The third step is to load the FDT chunk and find the Documentation. Another detail here is that the chunk starting document value and the chunk position are not simple arrays, but the mean compression method is Used. So the starting document value of nth chunk is restored by DocBase + Avgchunkdocs * n + docbasedeltas[n] and the position in nth chunk FDT is Startpointerbase + avgchunksize * n + startpointerdeltas[n] to Recover.
As can be seen from the above analysis, Lucene storage of the original file is the row is stored, and in order to improve the space utilization, is a multi-document compression, so the document needs to read into and decompression of additional documents, so the document process relies heavily on random io, and Lucene although provides a specific column, however, you can see from the storage structure that it does not reduce the time to fetch Documents.

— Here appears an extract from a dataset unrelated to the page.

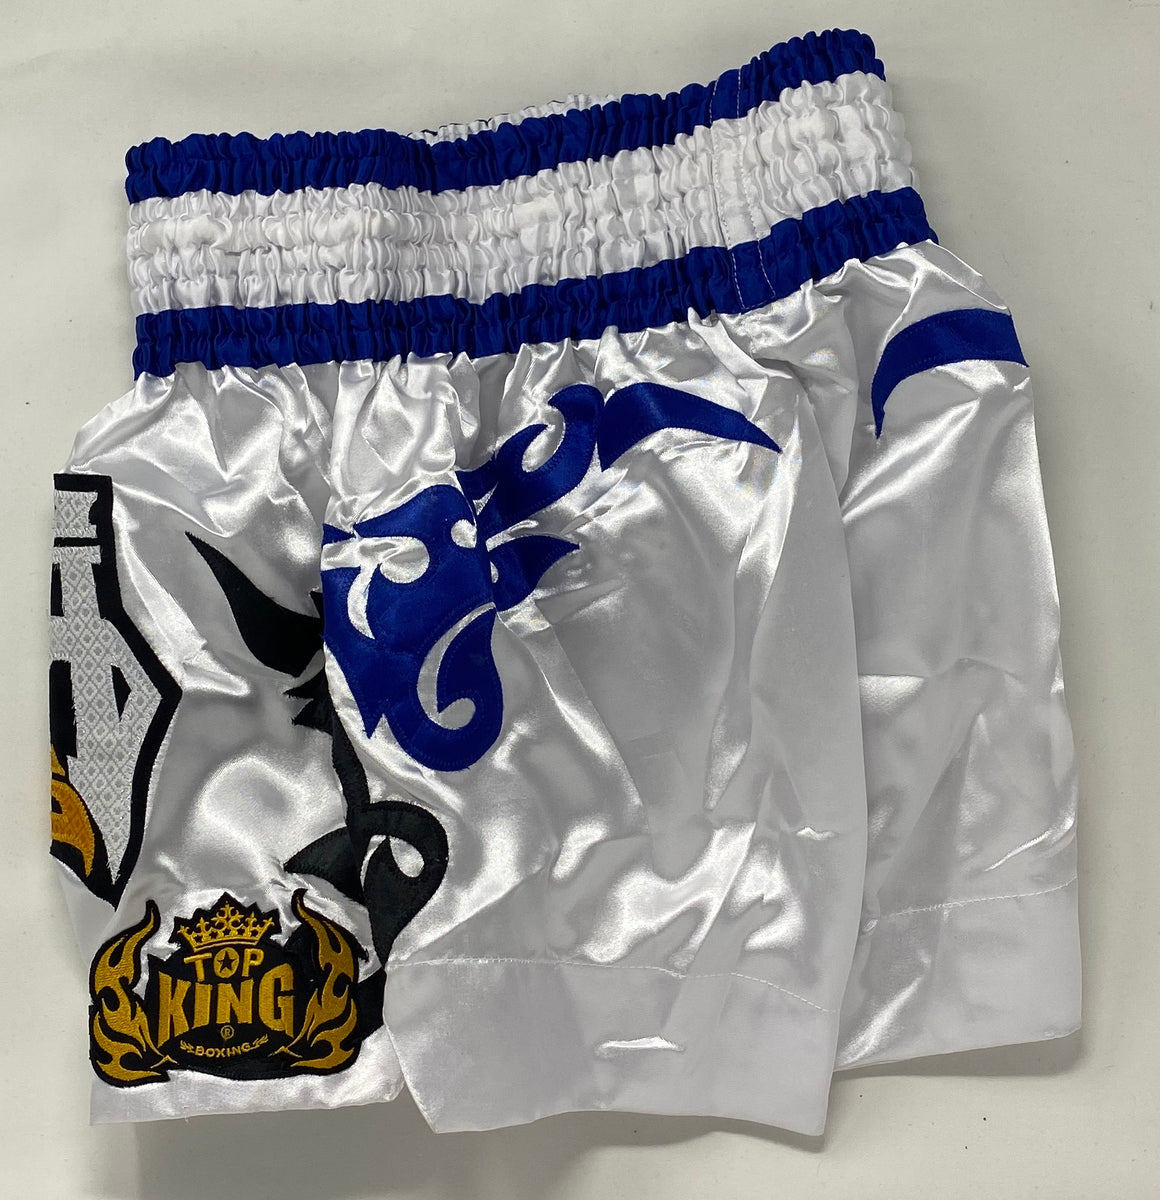 Top King Muay Thai Boxing Shorts TKTBS-109, affordable and direct from  Thailand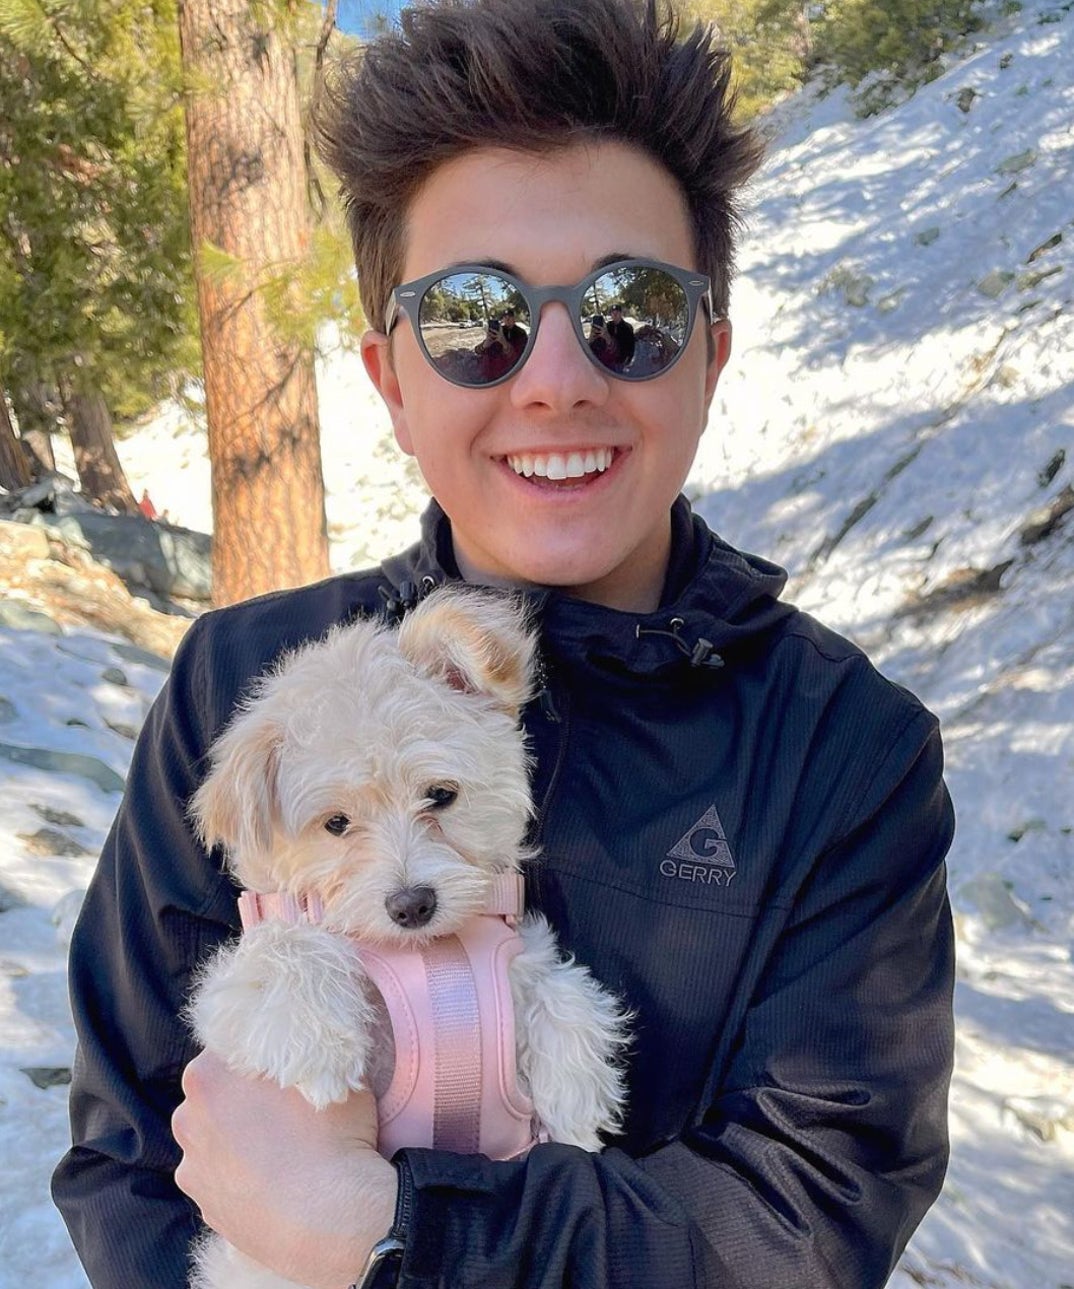 Bradley Steven Perry -- now 22 years old -- posted a selfie on social media looking ruff!

以上就是Lucene的底层原理介绍,下一篇将介绍我们如何从这些底层原理出发来优化我们的全文检索系统。

Lucene underlying principles and optimization experience sharing (1)-lucene introduction and indexing principles

Contact Us

The content source of this page is from Internet, which doesn't represent Alibaba Cloud's opinion; products and services mentioned on that page don't have any relationship with Alibaba Cloud. If the content of the page makes you feel confusing, please write us an email, we will handle the problem within 5 days after receiving your email.

If you find any instances of plagiarism from the community, please send an email to: info-contact@alibabacloud.com and provide relevant evidence. A staff member will contact you within 5 working days.

A Free Trial That Lets You Build Big!

Start building with 50+ products and up to 12 months usage for Elastic Compute Service

  • Sales Support

    1 on 1 presale consultation

  • After-Sales Support

    24/7 Technical Support 6 Free Tickets per Quarter Faster Response

  • Alibaba Cloud offers highly flexible support services tailored to meet your exact needs.